I was so proud that I couldn’t wait to walk home with my prize. I’d passed a half-dozen houses and was ready to address a mass of admirers with a blow-by-blow description of the battle. But I didn’t see a soul. So I walked back to the pond, turned around and walked home again. This time I was greeted by a throng of two. But I was satisfied, and they were certainly impressed.
dad and son fishing
While my trophy would be considered a “decent” tournament fish on a lake, for me it was the lunker of the pond—still a clear and happy memory half a century later.
Something else that’s different between the two waters is that everything is intensified around a pond. It’s a sort of sensory overload on the gentle cycle. The smells, sights and sounds are not so much bigger as they are more powerful. All brought together at your fingertips—a buffet in a tablespoon.
The complex aroma of coontail and cattail, pondweed and detritus, sweet wildflowers and willows, the fishy hint of a bream bed just off the bank…
The sounds of bullfrogs and spring peepers, bird songs of every description, suspicious splashes that catch your ear…
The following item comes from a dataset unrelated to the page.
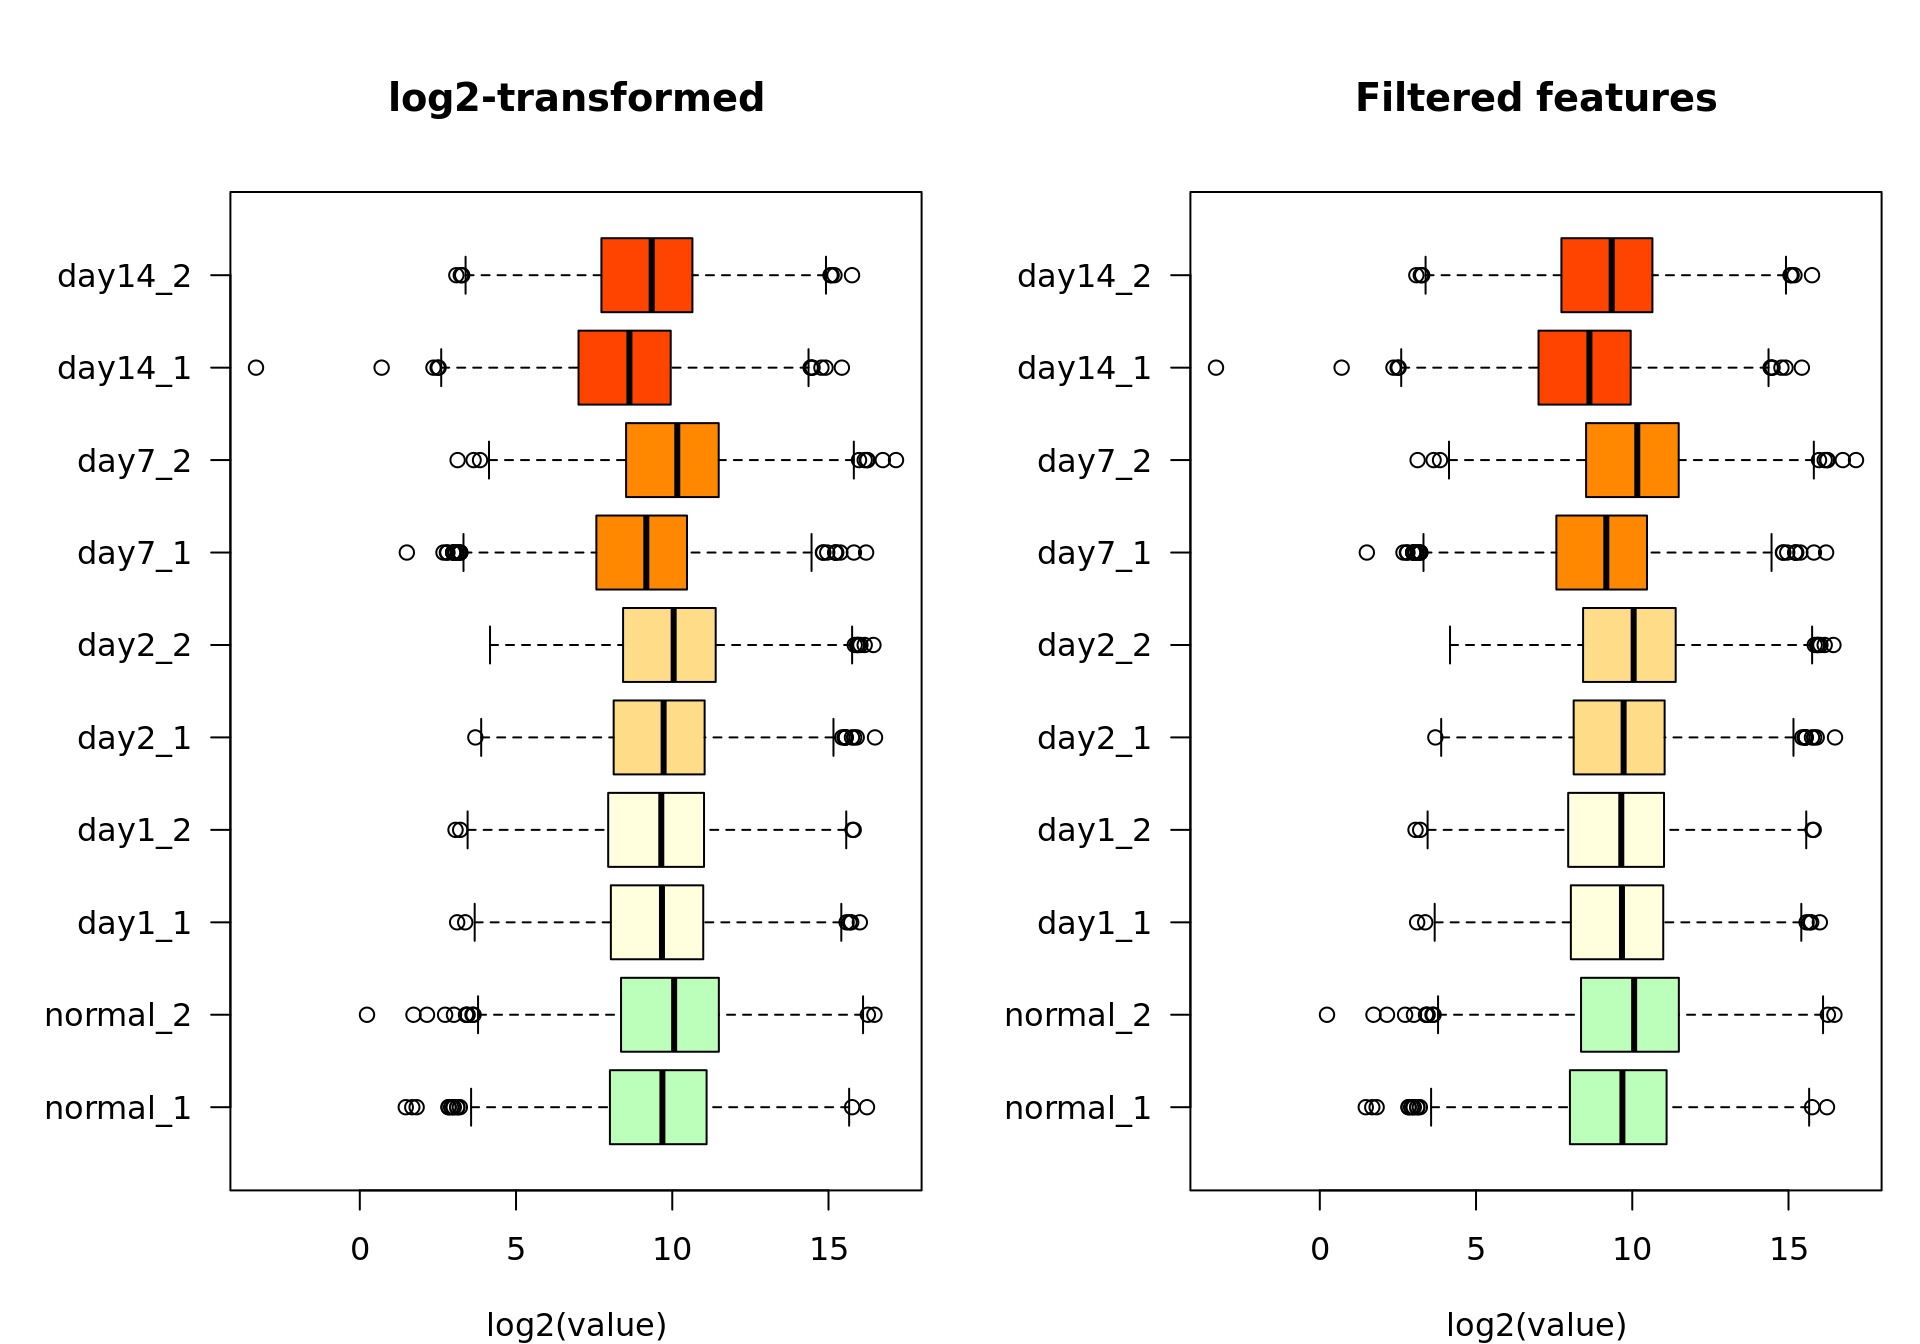 Box plot of the log2-transformed values before (left) and after (right)  feature filtering.

The sight of ducks flying up in alarm at your approach, a muskrat or cottonmouth skimming almost invisible along the surface, fresh water stretching—not as far as the eye can see—but just over yonder, walking distance. Maybe even casting distance.
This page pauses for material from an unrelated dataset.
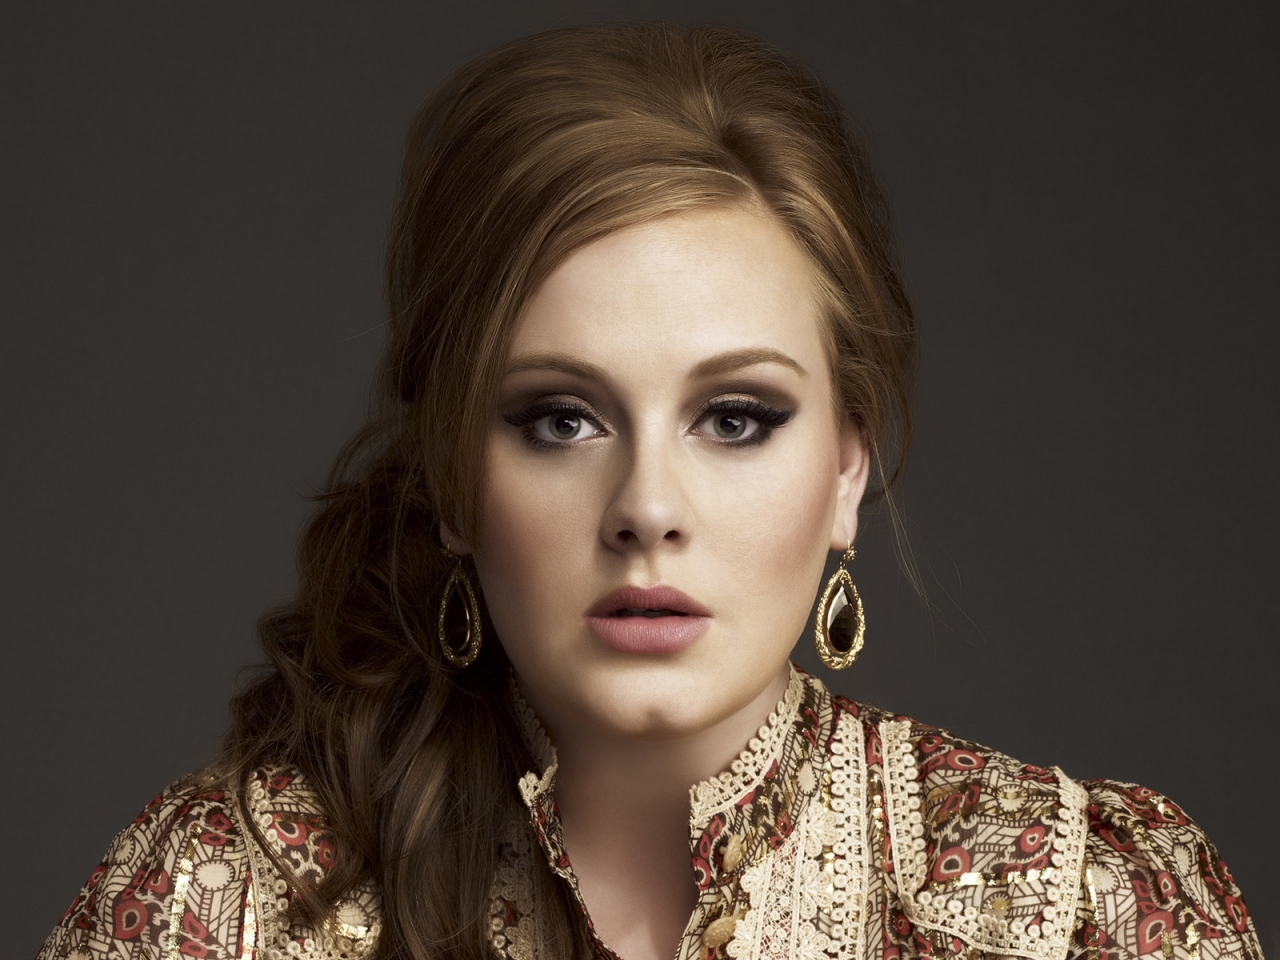 Adele Laurie Blue Adkins for 1280 x 960 resolution

At a pond, the fish are right there within reach of your hook. Of course, that doesn’t mean they’re going to fall for everything you throw at them. You might get into some bream and have some quick action with average-size bluegills, but that “titty bream” isn’t going to come easy. You’ll need to flip your cricket right to her nose and hope she’s in the mood.
You do know what a titty bream is, right? It’s one that’s so wide and thick that you have to press it against your chest to pull the hook loose and keep it from flipping back into the water.
The titty bream is the three-bagger to the big bass homerun. But to some, it’s the grand slam. And a stringer-full of bream so weighty that it has to be slung over a shoulder to lug to the cleaning table is a prideful thing indeed. A mess of titty bream. That’s a very good day at the pond.
If your pond fishing is only a childhood memory, then paying a visit to one might be a refreshing step back in time. If you’ve never been pond fishing, then you should put it on your list of things to do.
The hardest part might be finding a pond where you’re allowed to fish. It could take some knocking on farmhouse doors, or maybe just visiting a neighborhood pond and fishing until someone runs you off. Sometimes forgiveness is easier to get than permission.
A lot of golf courses have pretty good fishing ponds, and they can provide some very pleasant evenings after the pasture-pool players have parked their carts and headed to happy hour.
Once you’ve located the pond of your choice, preparation is easy. A very basic rod-and-reel or a cane pole, some worms or crickets, a few plugs—a topwater frog, a plastic lizard, a Mepps spinner—and a comfortable folding chair. While you’re sitting back feeling your blood pressure drop, ponder your own definition of a pond. Or better yet, don’t. Just enjoy the little ecosystem before you: the call of a kingfisher or bluebird; the scent of water rich with life; the Sight of your bobber quivering then disappearing beneath the surface.
Sit quietly and a pond will bear its soul to you. That’s what really differentiates a pond from a lake.